La noirceur comme esthétique au cœur de l’Europe
Traduit en anglais, le terme « Noirceur » (Blackness) renvoie fortement à la culture afro-américaine et aux gestes de réappropriation positive d’une identité noire par les Afro-Américains et par les personnes noires de manière générale. Si ce geste de réappropriation correspond bien à la « Blackness » ou à la « Négritude », il nous faut aussi regarder le versant négatif de ce terme, chose que le monde francophone n’a pas l’habitude de faire. Ce dernier préfère conserver un rapport sémantique minimaliste à ce terme, faisant comme si, sans amalgame, la Noirceur renvoyait tantôt à un état physiologique (la pénombre), tantôt à un état psychologique (la frayeur), tantôt encore à certains phénotypes (des corps noirs), une couleur en somme. Ce qu’il nous faut penser, comme geste préalable à ces réappropriations positives, c’est la production occidentale de la Noirceur, laquelle ne se réduit pas à une idéologie (racisme anti-Noir·e) mais prend la forme plus substantielle d’une esthétique. Par esthétique de la Noirceur, il faut entendre cet amalgame fantasmagorique (entre les corps noirs et les régions supposées sauvages du monde) représentant l’envers des valeurs vertueuses de la modernité ; un envers racialisé que cette modernité tente continûment de dompter.
Cet amalgame fantasmagorique représentant l’envers des valeurs vertueuses de la modernité ; un envers racialisé que cette modernité tente continûment de dompter.
Art nouveau, darkness et culture impériale belge
L’historienne de l’art Debora Silverman, spécialiste de l’Art nouveau, a qualifié celui-ci de la manière suivante : the Art of the Darkness [2]. Comme d’autres auteurs [3], Debora Silverman postule que la Blackness ou la Darkness existe sur le mode d’une esthétique et que cette esthétique imprègne nos villes, en tout cas Bruxelles, certainement. Pour cette raison, il me semble très intéressant de rendre compte d’une partie de son travail. Contre une « culture du beau » universelle et innocente, son travail nous montre comment les signes raciaux, anti-Noir·es, sont inscrits au cœur de l’art et de la culture modernes belges. Les identifier, réussir à les lire, est une manière de saisir comment une métaphysique de la Noirceur se perpétue malgré nous.

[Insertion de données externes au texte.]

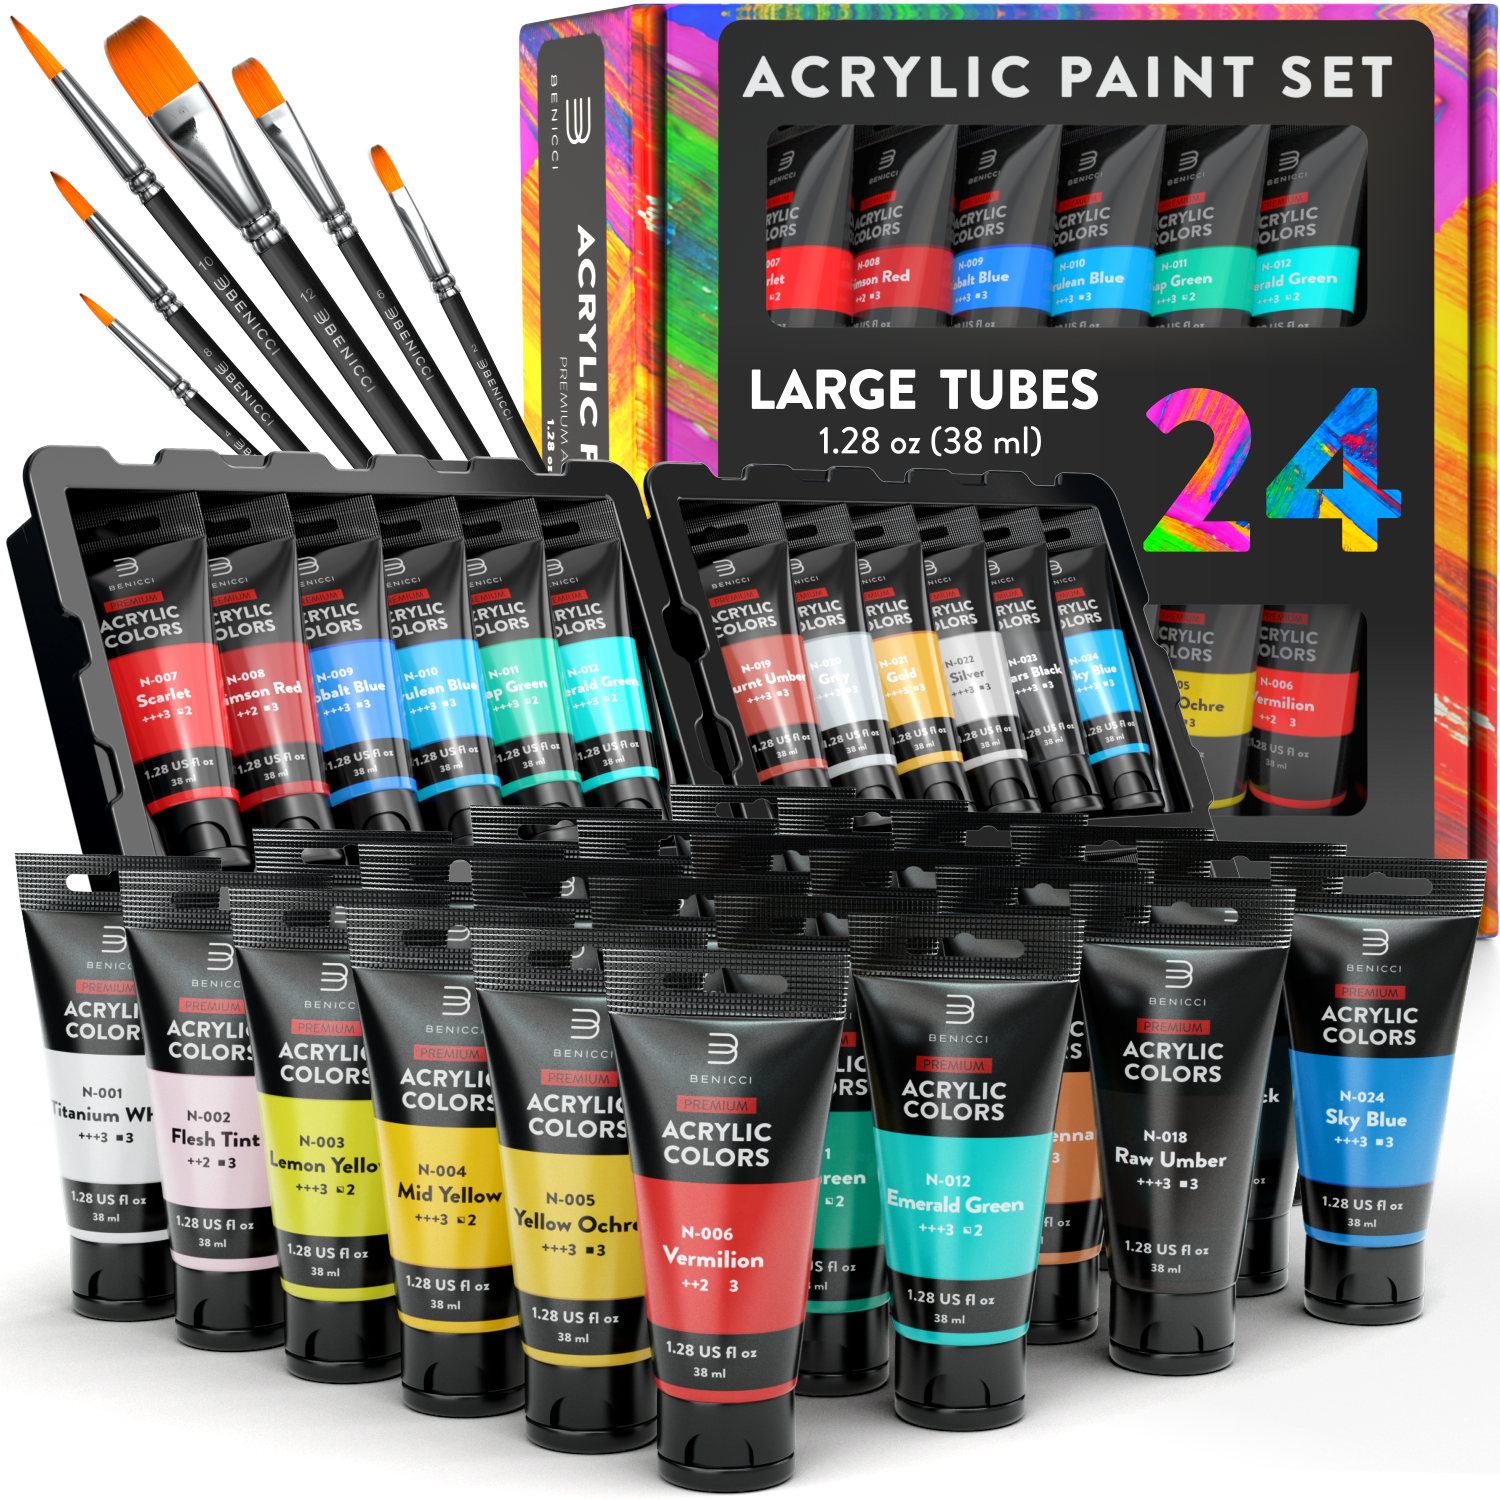 Acrylic Paint Set, 22ml Tubes - Set of 24 - Chalkola Art Supply
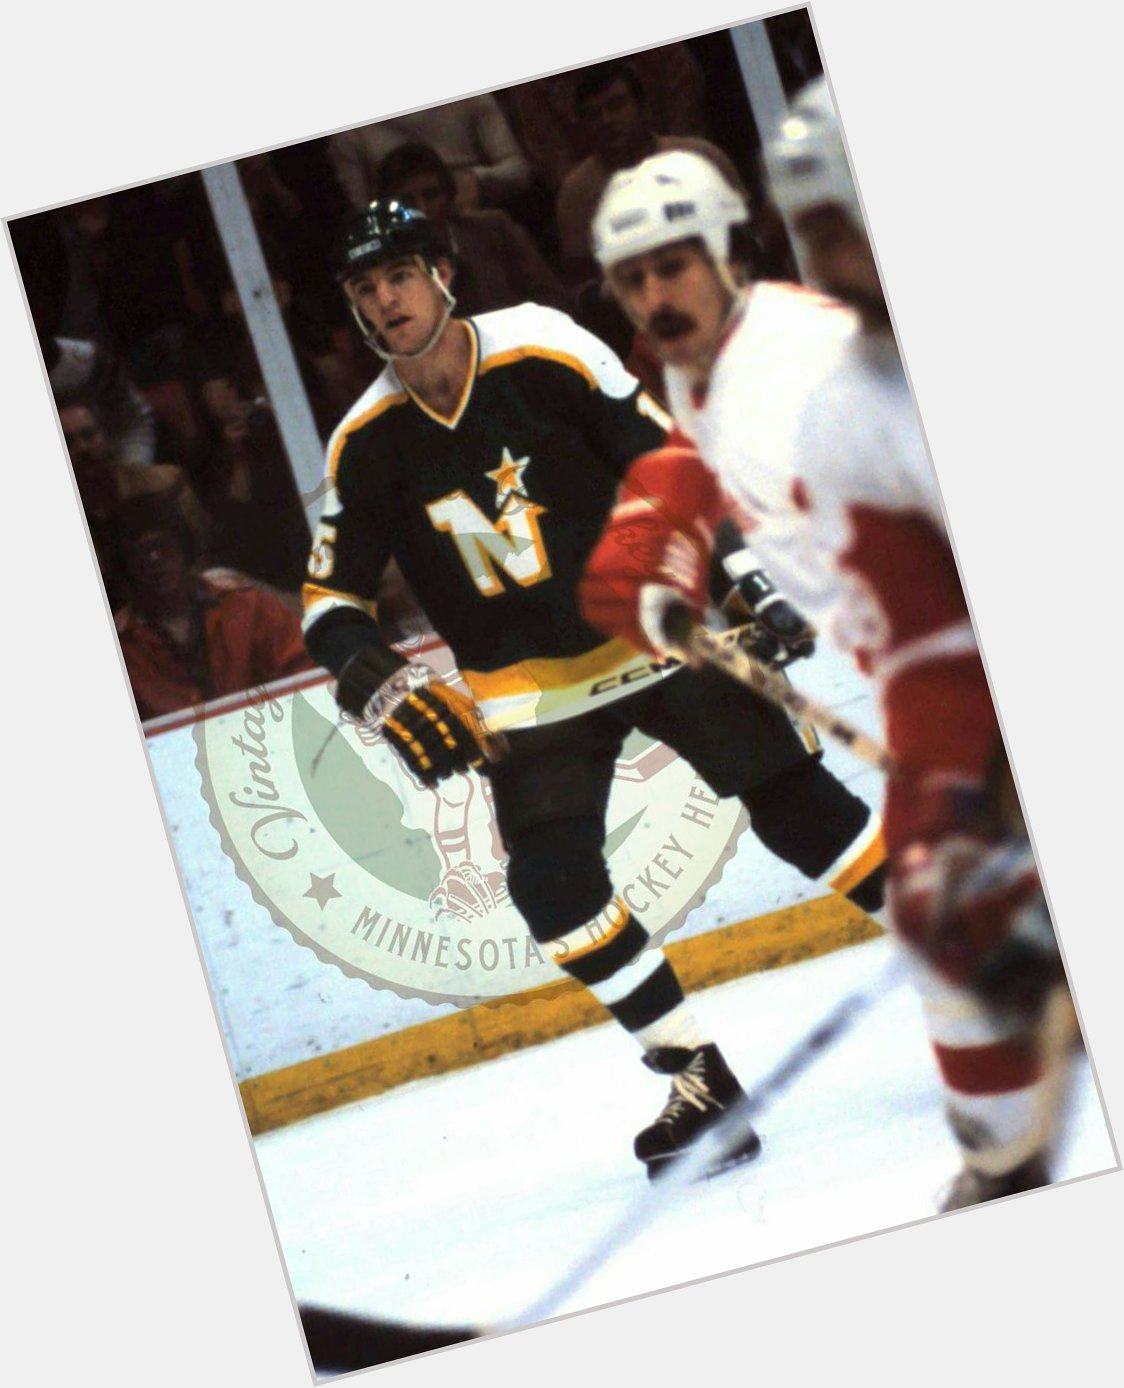 Happy 59th birthday today to former North Stars NHL centerman - Bobby Smith born in North Sydney, Nova Scotia

Le travail de Debora Silverman analyse le déploiement de l’Art nouveau à Bruxelles à la fin du XIXe dans ses liens avec la violence du système colonial. Bien sûr, Debora Silverman commence par en établir le lien avec les formes d’accumulation primitive qu’a représentées le régime de Léopold II. En termes de gouvernance, Debora Silverman souligne qu’avec l’État Indépendant du Congo (EIC), il s’agit d’une structure impériale tout à fait inhabituelle : « une colonie anormale sans métropole ». Elle ajoute : « C’est une structure, l’EIC, qui, méticuleusement, évite le terme “colonie” ». Compte tenu de cette gouvernance inhabituelle, la « périphérie », dans le système léopoldien, n’est pas à comprendre au sens de marginalité ou minorité – ce qui signifierait qu’une existence « autre » soit reconnue. La périphérie de l’empire belge naissant, telle qu’elle s’oppose au centre, ce sont, tout entier, les Ténèbres, le lieu de l’extraction illimitée (entre autres d’ivoire, de bois et de caoutchouc). Les matériaux qui permettent à l’Art nouveau de se distinguer proviennent en majeure partie de ce système d’extraction. Debora Silverman décrit les extractions et les déplacements de ces matériaux de nature végétale et animale qui vont se retrouver stockés en abondance dans des hangars à Anvers et à Bruxelles.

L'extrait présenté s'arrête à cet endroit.